By Juli Durante
When HubSpot first rolled out its Growth-Driven Design (GDD) process, I think we were all a little intrigued about an incremental website rollout process that combined what we know about buyers and their needs with data collection.
For some, the GDD process focuses primarily on building launchpad websites and then expanding them page by page and template by template.
While there’s nothing wrong with this approach, the team at SmartBug tends to do things a little bit differently. As a marketer first and foremost, my role is usually to help organizations bring in more traffic to their websites and convert that traffic into leads.
While blogging and premium content are cornerstones of high-performing inbound marketing programs, website pages and performance are an equally important part of building your conversion funnel.
For that reason, I've spent the last couple of years running conversion rate optimization and GDD experiments—and learned quite a few lessons along the way.
There is little more important than solid experiment design.
Think back to middle school, when you may have learned about the scientific method, which forces us to ask a question, collect some information, formulate a hypothesis, and draw a conclusion ... then, re-hypothesize and test some more. Essentially, this is what we do with GDD. However, it’s sometimes easier said than done. As curious marketers, we want to create tests, see marginal uplift, test again, test again, test again. This will work sometimes, but not always. Experiment design is just as important as the experiments we choose to run. As an example, let’s think about running an experiment on the footer of a website.
- What’s the question? What are you looking for when you consider the footer? Perhaps you’re asking if footer navigation plays a role in driving traffic deeper into your website.
- What data can you collect today? Where does the footer appear? Do you have any information about how those links are clicked on or used today? Do you know how far average users are scrolling down on your site pages? Some qualitative and quantitative data from heat-mapping and visitor-tracking software can help.
- What’s your hypothesis? For example: “Adding additional links to the footer for popular site pages will result in more visitors reaching those pages more easily.”
- How will you measure your hypothesis? More on measurement later, but give this a good, hard think-through before you proceed.
- How long do you need to run your test for? How much data do you think you’ll need to make a confident result? Confession: A colleague sent me this calculator from Unbounce, and I’ve never looked back.
- Document the hypothesis and testing metrics.
As you can see, there’s a lot to designing an experiment beyond saying, “Is a purple or blue CTA better?” While it may be better to test something than nothing, if you’re spending your time creating inconsequential tests, you’re spinning your wheels and not driving results.
Measurement isn’t easy. Especially if you don’t think about it in advance.
Some tests are easy to measure, like CTA performance; HubSpot will show you right in the tool. Others are more complicated, like choosing metrics for a test with a more open-ended goal, such as influencing contacts to do something. Event tracking in HubSpot and Google may be a helpful starting point, but often, you will need to pull data from a few different sources to truly measure these tests. Starting with your ultimate goal (maybe pages per session or SQL generation), work backwards and ask how, how, how, how. How will we know? How will we see? How will we omit? How will we account for? The more times you ask, the more solid a plan you’ll have for measurement.
It’s important to ask yourself these questions up front, not once an experiment is rolling or concluded, because you may need to build something new in order to measure accurately. If this is the case, you’ll end up running your experiment, realizing you can’t actually prove your hypothesis, and then having to start over—never a good sign.

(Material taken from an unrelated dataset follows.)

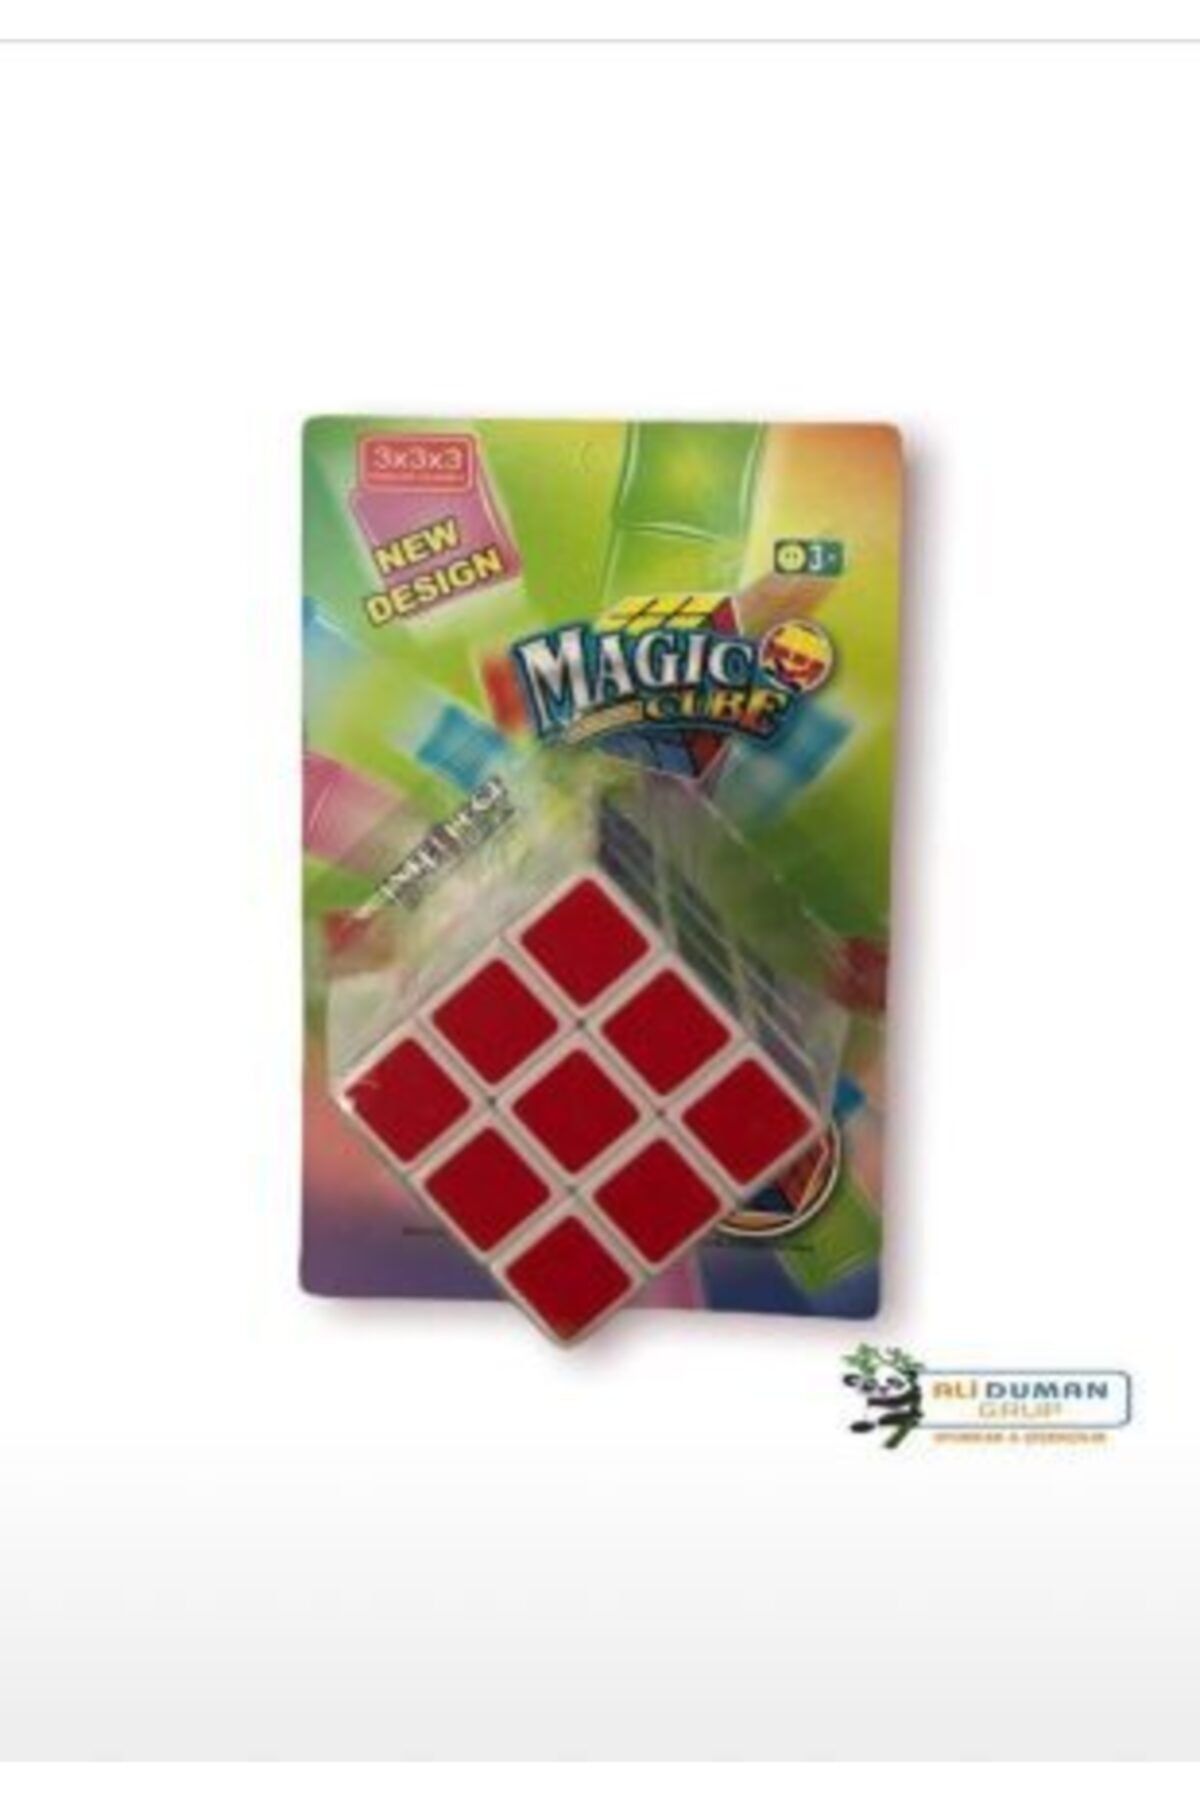 Miraç Cube Magic Cube 3x3x3 Sihirli  Zeka Küpü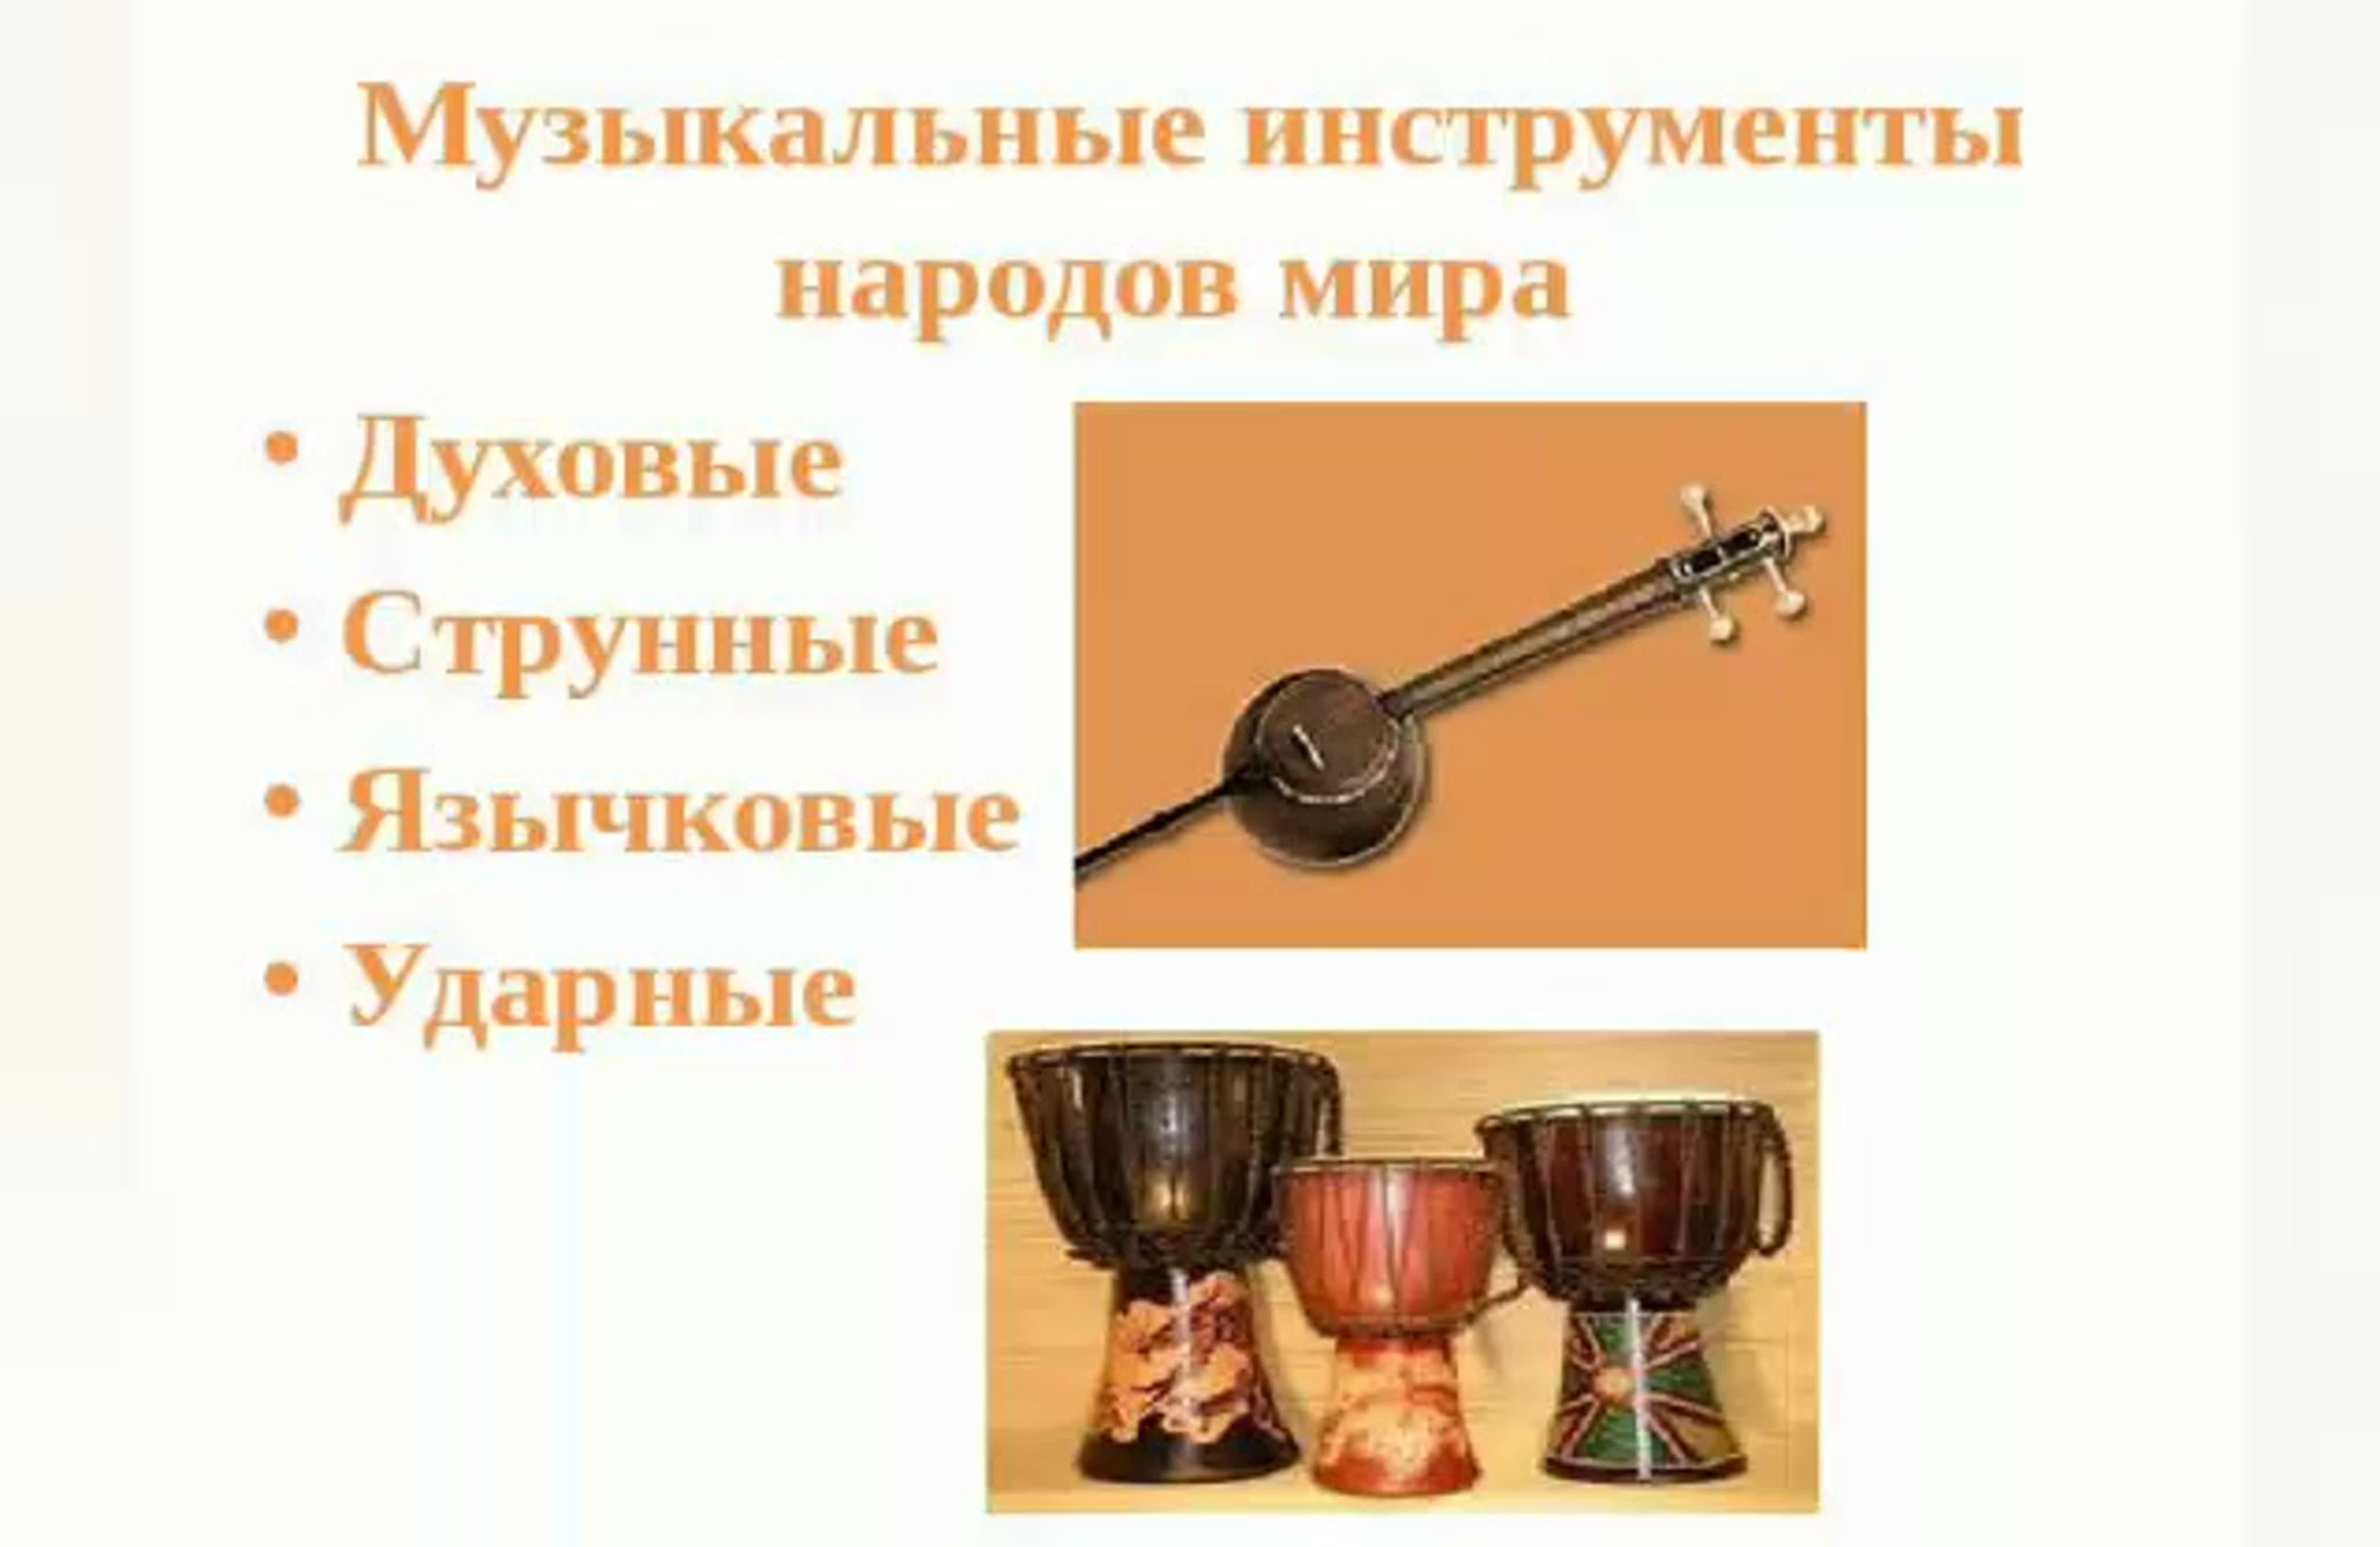 Любой народный музыкальный инструмент. Музыкальные инструменты разных народов. Струнные духовые ударные инструменты. Народные музыкальные инструменты.

On the other side of measurement is statistical significance, which basically tells us if our test result is important. Kissmetrics makes a handy calculator that I use for every test I run—sometimes to surprising results. Keep in mind that you want to be as confident as possible that ending your test in favor of making a change (versus ending your test and deciding not to make the variation permanent) will result in a significant, or important, result. Sometimes, that means a lift of a 0.3 percent conversion rate is a win. At other times, you may need to shoot for a 5 or even 10 percent lift. You can even use this calculator in advance of testing to help model your hypothesis; e.g., “If we can see an X percent lift after XXXX clicks, we’ll know with 98 percent confidence that the change will improve overall performance.”
You’re going to have to figure out some new stuff.
Using HubSpot for inbound marketing is fairly straightforward. When you start thinking about HubSpot as part of your GDD or CRO tech stack, it might get a little more complicated. There is tremendous opportunity to learn how to do new things within HubSpot—new reports, list-building criteria, deeper aspects of tools—but there is also opportunity to add data to what HubSpot can provide and create a truly well-rounded picture of your website’s performance.
Most tests are flat.
We all want our time to be rewarded, and with CRO, the reward is usually a successful test. Except when your test comes out flat. And so does the next. And so does the next. This doesn’t mean you’re failing; it just means your hypothesis, while interesting, isn’t quite proved. Sometimes, we don’t collect enough data (even when we think we do), and we just need to keep a test running to get some concrete evidence. Sometimes, we started small with testing—like with CTA color—and realized that our buyers just don’t care about shades of red as much as we do. That’s OK, because we still learned something. And as good testers, we’ll keep testing. And keep testing. And keep testing. And keep testing.